Because Ebb is written in C, other language bindings can be added to
make it useful to Non-Ruby frameworks. For example, a Python WSGI
interface is forthcoming.
Visit
http://ebb.rubyforge.org/
for downloads and more information. Please note that Ebb depends on
having Glib installed.
Release 0.0.3 includes many bug fixes that were encountered after the
first release. Mostly related installation and the ebb_rails
executable.
If you have problems, please send me a bug report:)
ry
On Mar 4, 9:45 am, ry [email protected] wrote:
If you have problems, please send me a bug report:)
I don’t know if it’s a bug, but I’ve found that Ebb uses much more
memory than Mongrel or Thin.
This is my application’s memory usage after 1000 requests (on my Mac,
I’ve yet to test it on other systems):
Ebb: RSIZE=35M, VSIZE=258M (started at 255M right after launch)

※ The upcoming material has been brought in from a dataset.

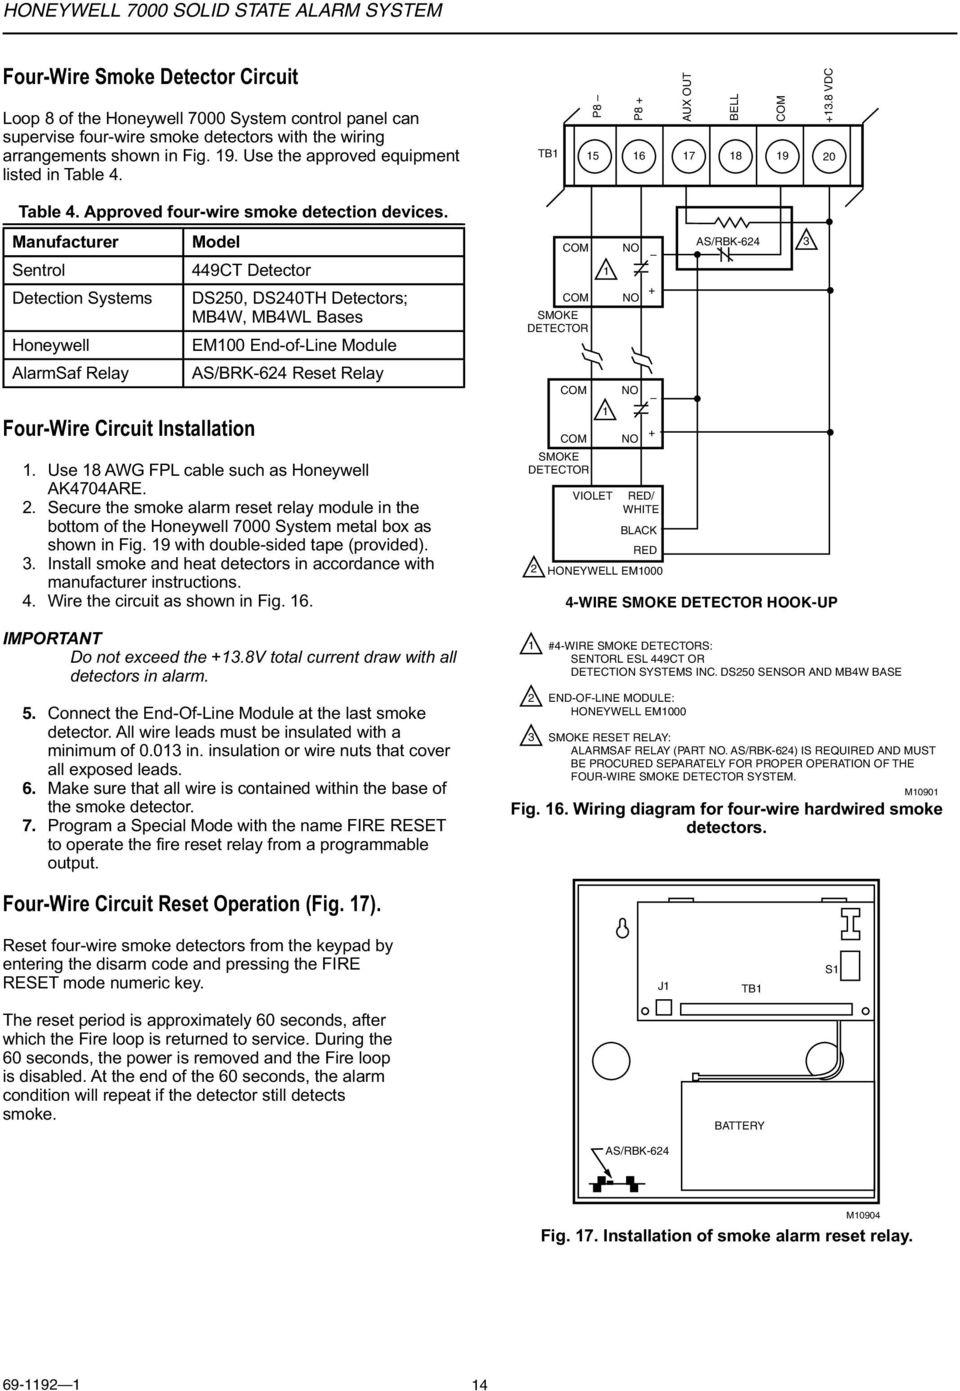 Fb 6481 Esl Smoke Detector Wiring Diagram Get Free Image About Wiring Schematic Wiring

Thin: RSIZE=31M, VSIZE=47M
Mongrel: RSIZE=33M, VSIZE=49M
what puzzles me is the abnormal VSIZE value for Ebb…
S.
Just a few clarifications to prevent any confusion as to what’s
written on your website:
First: EventMachine is not a ruby binding to libevent. EM is a
reactor-based network communication library. See it as Twisted Python
for Ruby. EM doesn’t even use libev / libevent underneath because of
cross-platform compatibility concerns.
Second: EventMachine is a Ruby extension written in C++ (and being
ported over to C). There is a pure ruby version of it as well, but
that’s for those who don’t want to deal with extensions and of course
don’t need the speed of C++. I put this because the page seems to make
the assumption that EM is written purely in Ruby.
Jason
On Tue, Mar 4, 2008 at 8:54 AM, Stefano C.
That’s correct! No, that would be not optimal. In ebb.c I’ve been
playing with larger buffer-sizes and concurrent clients- apparently
that wasn’t reset in the release!
#define EBB_BUFFERSIZE (1024 * (80 + 32) * 2)
#define EBB_MAX_CLIENTS 950
That would make EBB_BUFFERSIZE * EBB_MAX_CLIENTS = 217907200 bytes =
207.8 megabytes.
Try something more reasonable for those values. E.G.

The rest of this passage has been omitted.